Speech Enabled Auto Attendant Design: Using Application Intelligence to Deliver Superior Voice Recognition

  • Viewing Options

  • PDF (371.4 KB)
  • Feedback


Speech recognition is an important way to interact with computers and communications devices, freeing your hands and expediting collaboration. A speech-enabled Automated Attendant (SEAA) solution can have many designs, but a typical one has three main components: the speech-enhanced user interface, the directory (or grammar), and the speech engine. The user interface provides the dialogue you hear and the manner in which the SEAA interacts with you to determine the person you want to reach. The grammar is the directory of allowed responses for the SEAA application. The grammar for most SEAAs is an employee directory, with phone numbers and other information. A speech engine is a background calculator that uses computational algorithms to recognize speech and deliver information to the SEAA application. It is important to note that a properly designed speech solution is much more than a speech engine; it must have an intelligent application on top of the speech engine in order to deliver accurate results and an effective user experience.
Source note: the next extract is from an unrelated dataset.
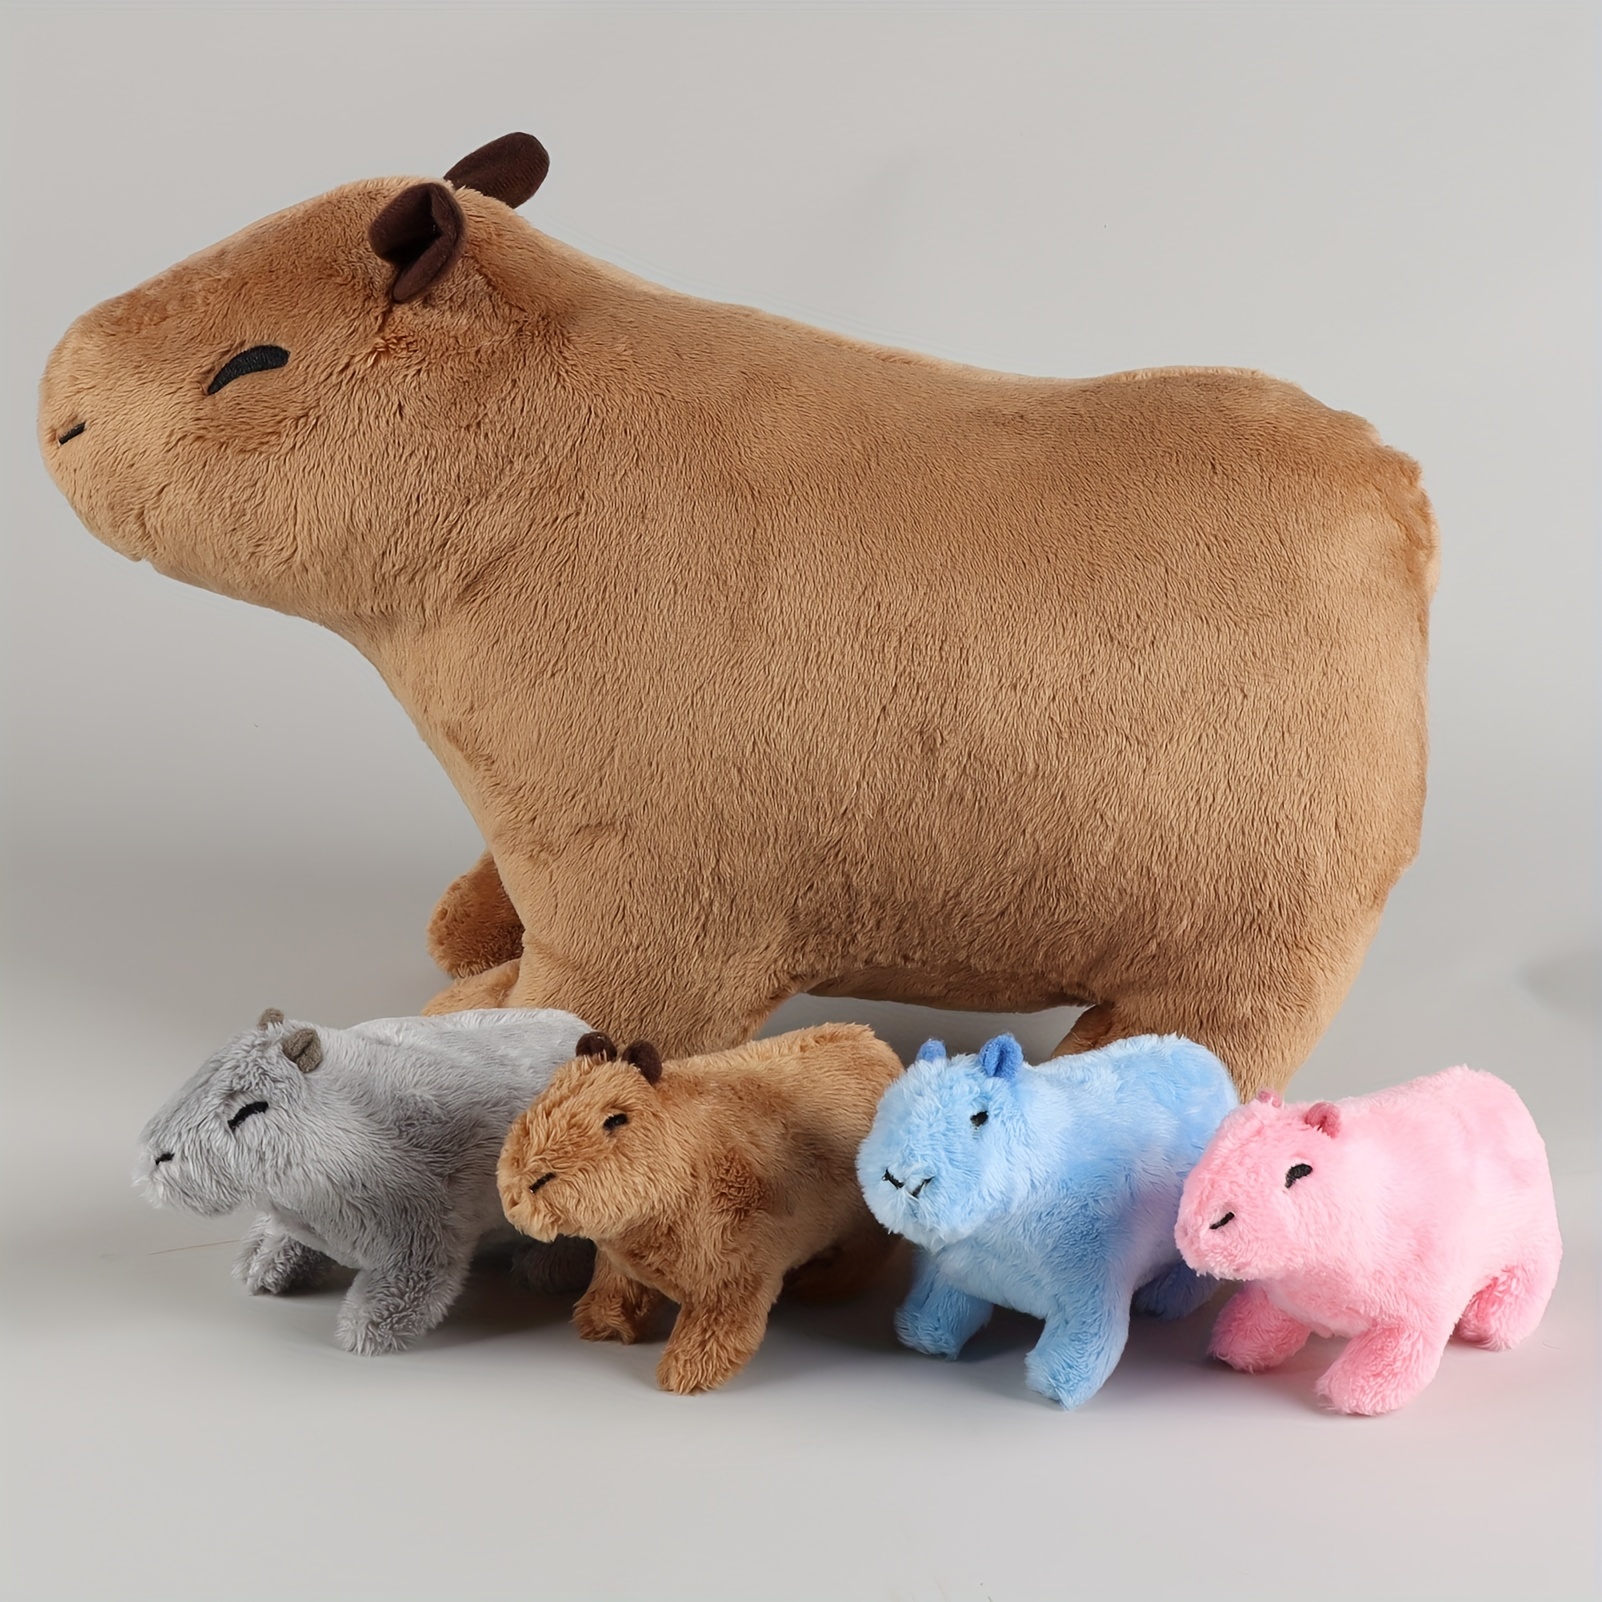 Niedliche Capybara Stofftier puppen elastische Mini kleine Capybara Puppen  entzückende Dekoration Simulation Capybara Spielzeug für Baby geschenke -  AliExpress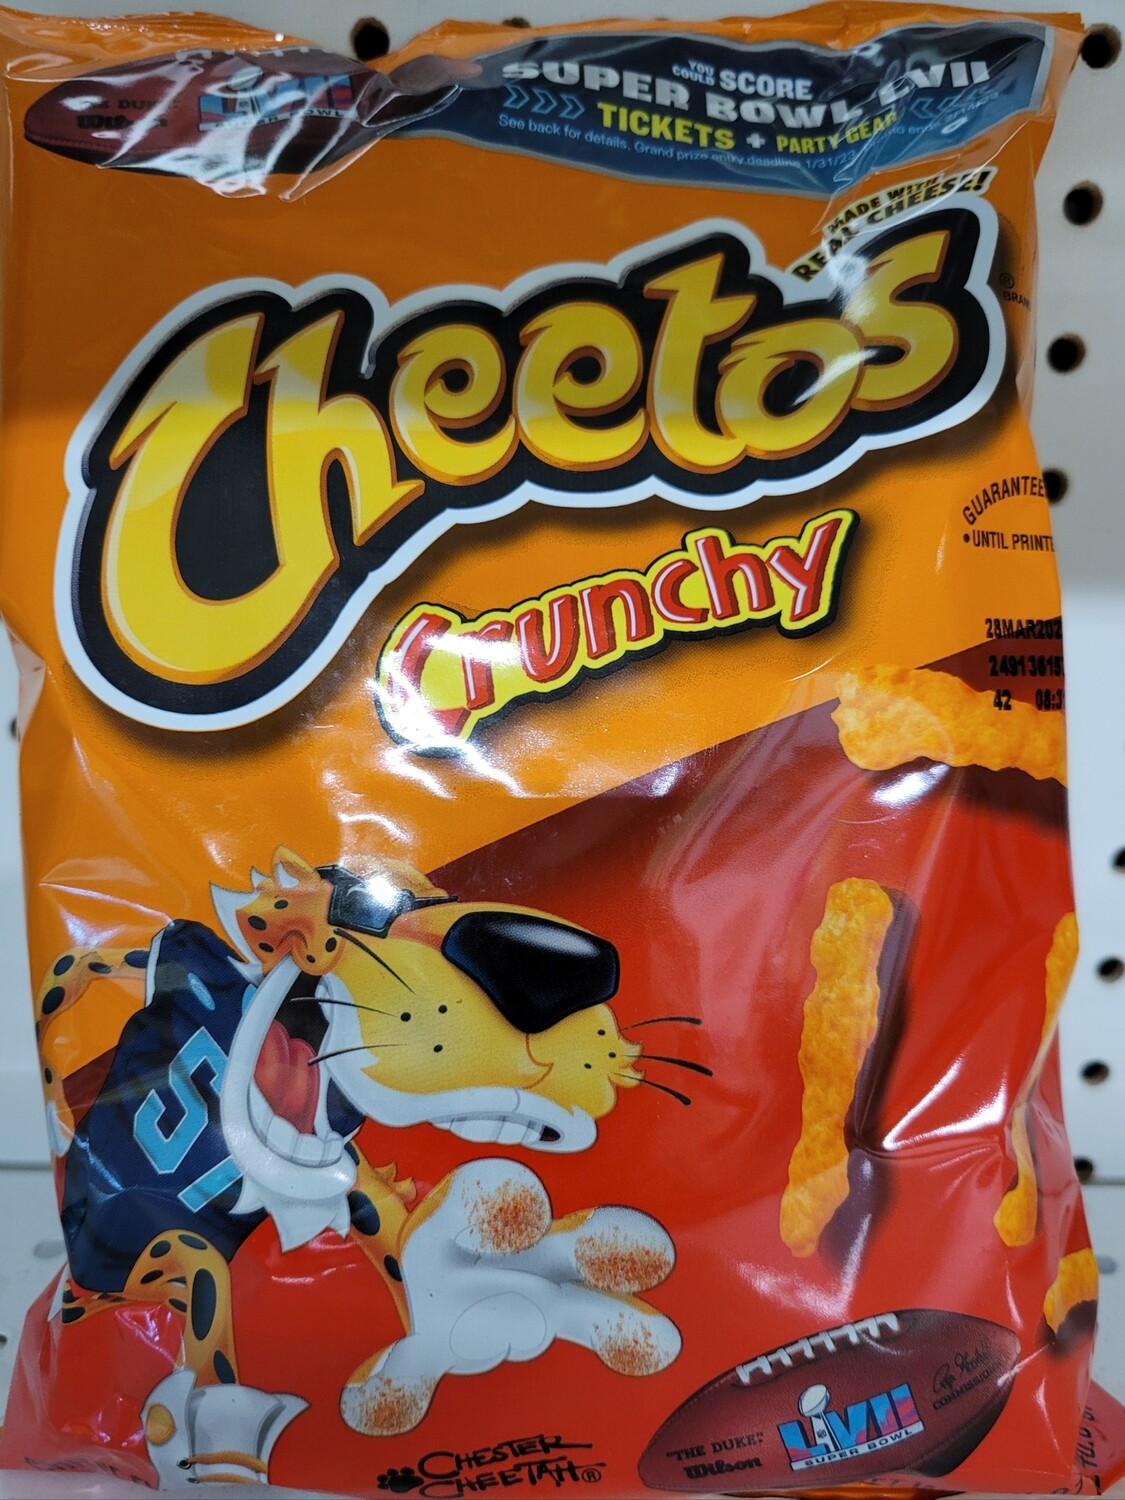 8.5oz Cheetos Crunchy

Business owners and employees today conduct business worldwide 24 hours a day using seemingly infinite combinations of phones, voice messaging, e-mail messaging, fax, mobile clients, and rich-media conferencing. Without unified communications, however, these tools are often not used as effectively as they could be. Information overload and misdirected communications delay decisions, slow down processes, and reduce productivity. Unified communications solutions can save time and help control costs while improving productivity and competitiveness.
As unified communications solutions integrate applications, phones, and computers, speech recognition plays an increasingly important role in the way we interact with these devices and applications. Speech recognition frees our hands and lets us control our unified communications experience with spoken commands instead of memorized, menu-controlled clicks, keystrokes, and button pushing.
Yet speech recognition solutions, for a variety of reasons, have failed to evolve to maximize the effectiveness of unified communications solutions. In particular, many Automated Attendant products have added speech recognition to improve the user experience and increase customer satisfaction by allowing customers to use natural language to command the attendant to direct their calls. But whether from a lack of a complete and unified solution, underdeveloped application intelligence, or limited integration to other places in the data and communications network, speech-enabled Automated Attendants have not delivered a time-saving, customer-satisfying experience.
Some of the shortcomings in SEAA solutions can be attributed to the fact that there are numerous approaches to designing the solution. A typical SEAA solution is made up of three key components: the speech-enhanced user interface, the directory (or grammar) and the speech engine (Figure 1) and the features and interactions among the three components of an SEAA differ, depending on the designer.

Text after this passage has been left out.